**Work request**: All pictures are to be omitted while the lines starting at the line with "2pcs T Type" and ending at the line with "Side view on" in the material below are retyped exactly, both ends included.

**Provided entries**:
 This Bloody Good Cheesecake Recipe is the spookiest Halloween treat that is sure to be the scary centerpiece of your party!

--

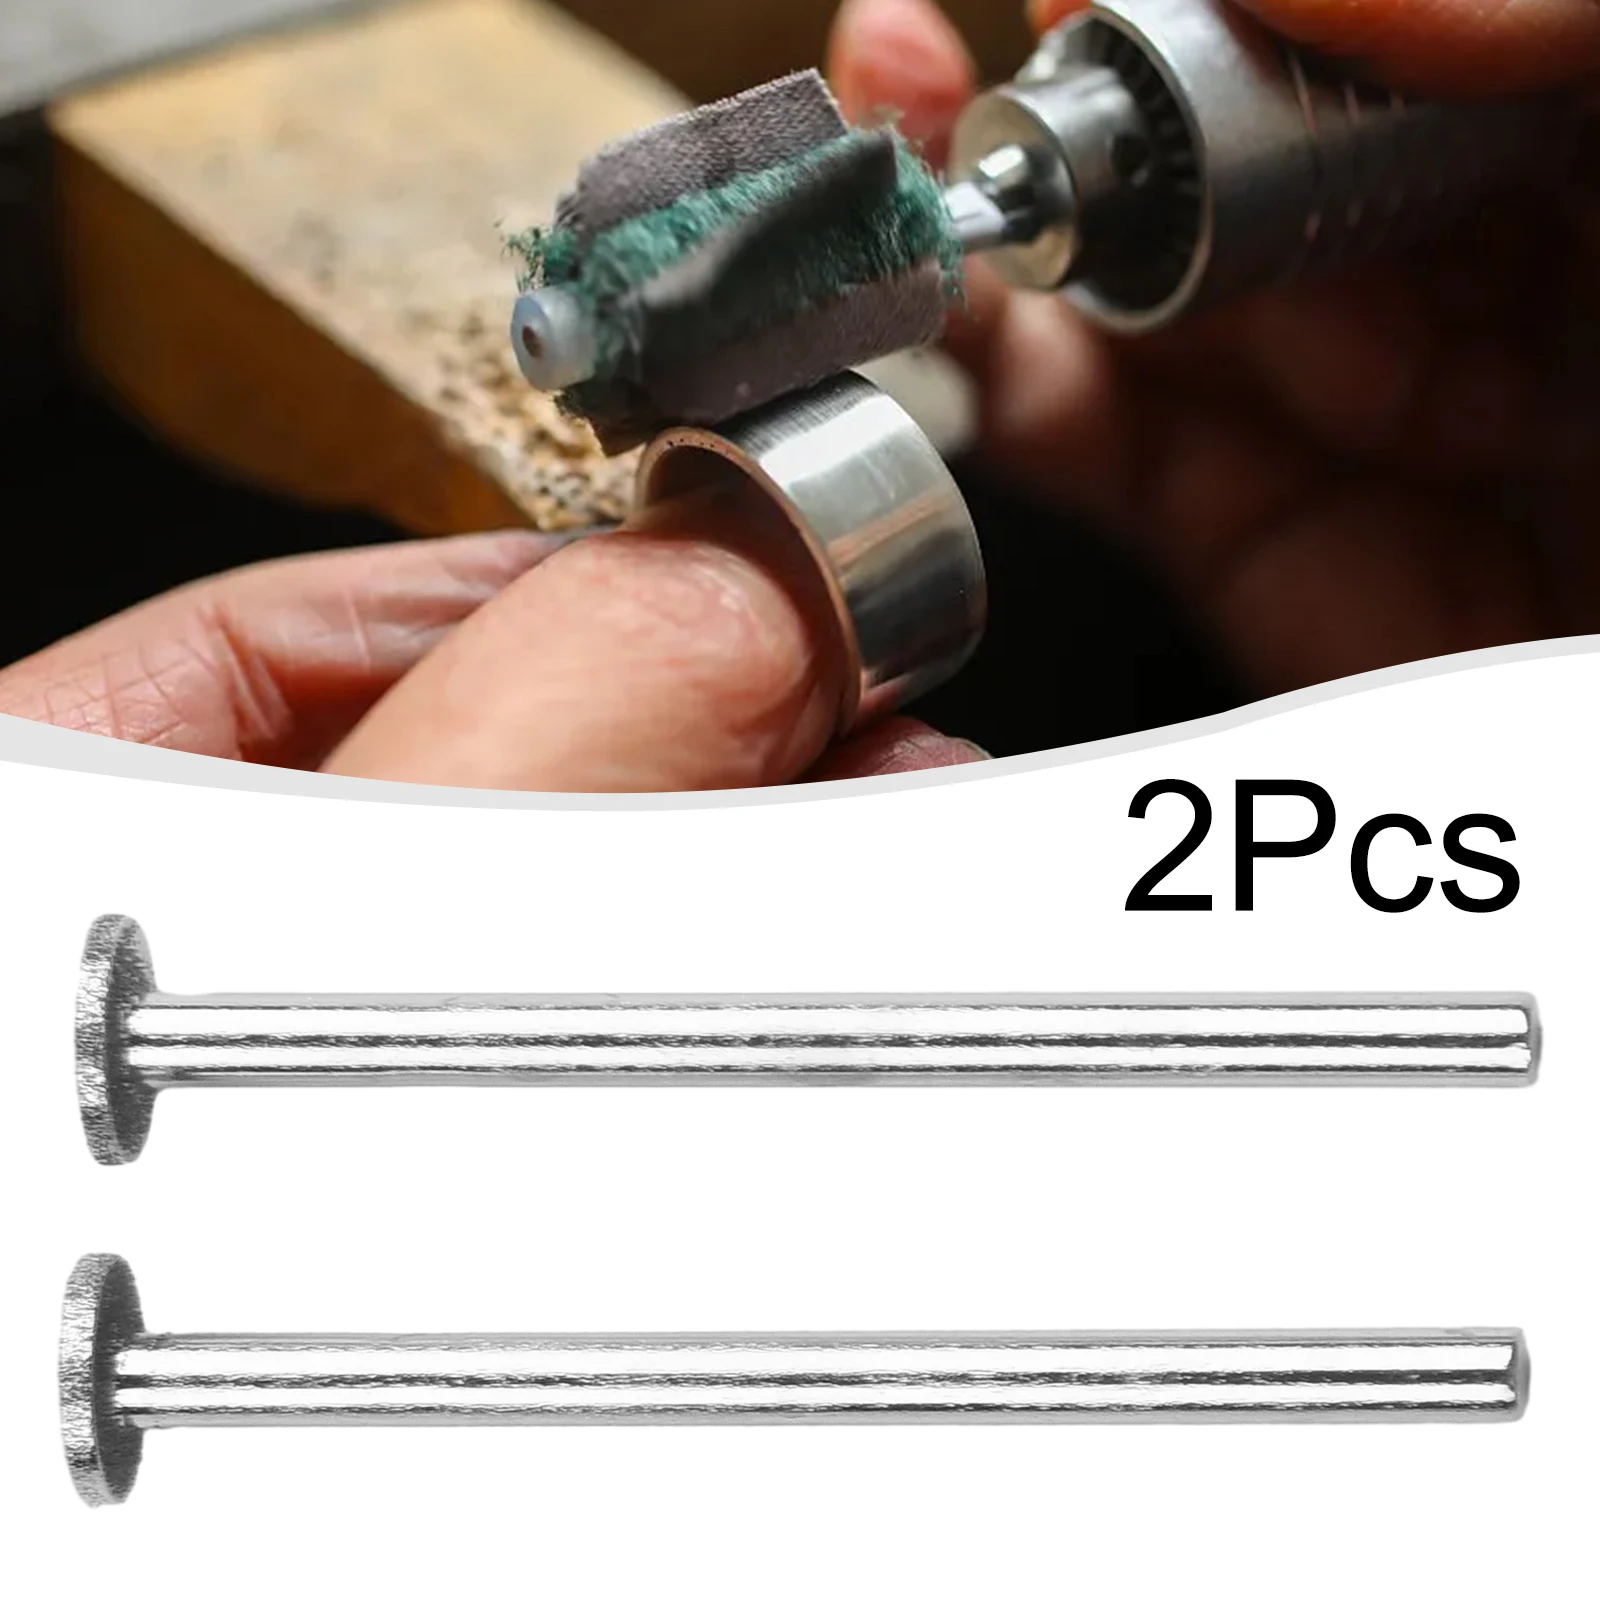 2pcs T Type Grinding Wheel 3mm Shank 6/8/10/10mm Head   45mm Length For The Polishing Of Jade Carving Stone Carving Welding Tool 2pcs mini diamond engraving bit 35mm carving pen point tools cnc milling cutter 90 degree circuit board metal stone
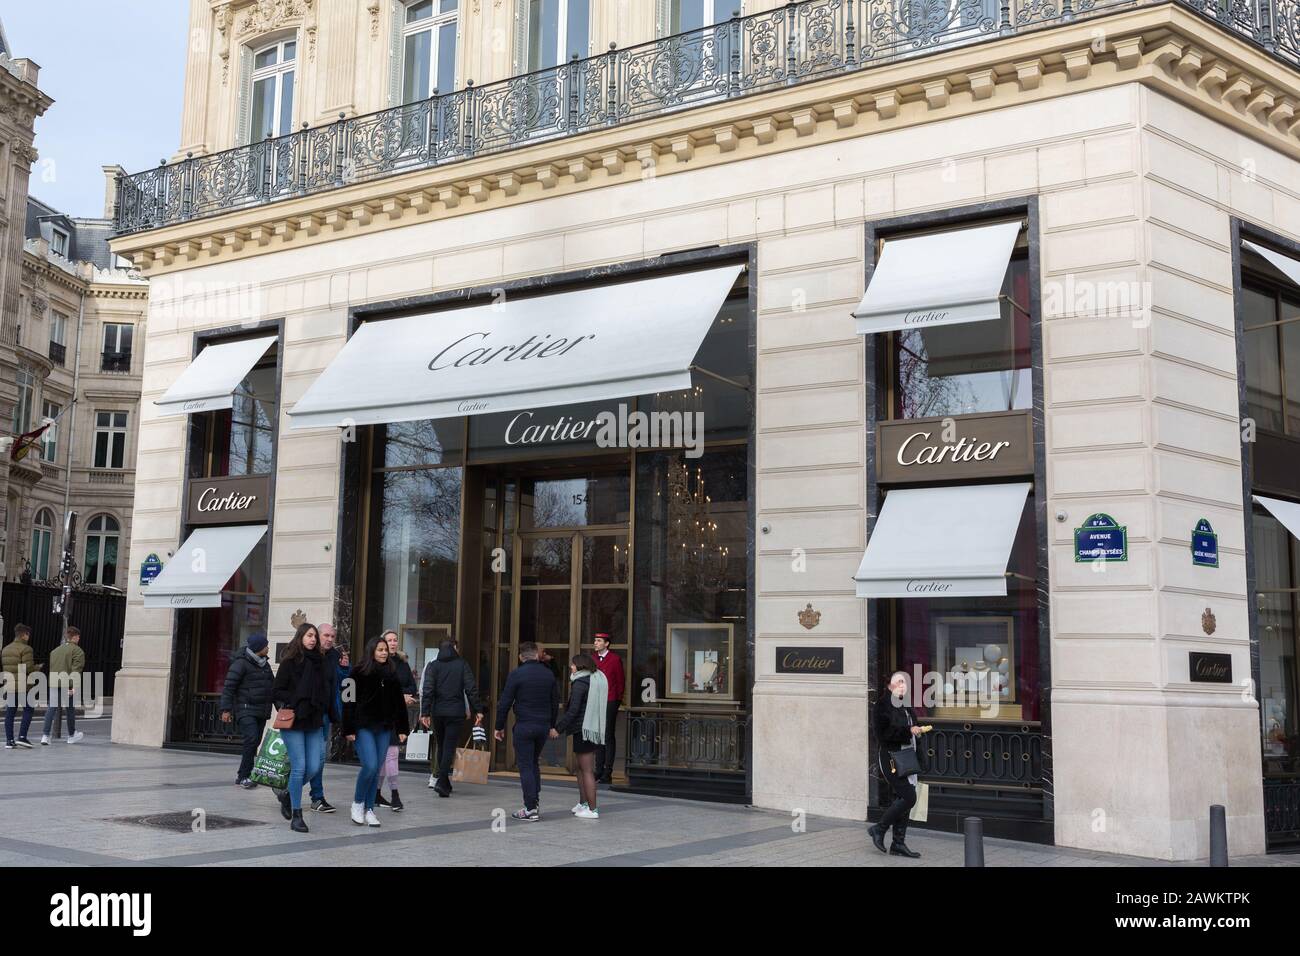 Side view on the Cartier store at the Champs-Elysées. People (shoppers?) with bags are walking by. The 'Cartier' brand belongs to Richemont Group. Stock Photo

**Result of this exercise**:
 2pcs T Type Grinding Wheel 3mm Shank 6/8/10/10mm Head   45mm Length For The Polishing Of Jade Carving Stone Carving Welding Tool 2pcs mini diamond engraving bit 35mm carving pen point tools cnc milling cutter 90 degree circuit board metal stone
 Side view on the Cartier store at the Champs-Elysées. People (shoppers?) with bags are walking by. The 'Cartier' brand belongs to Richemont Group. Stock Photo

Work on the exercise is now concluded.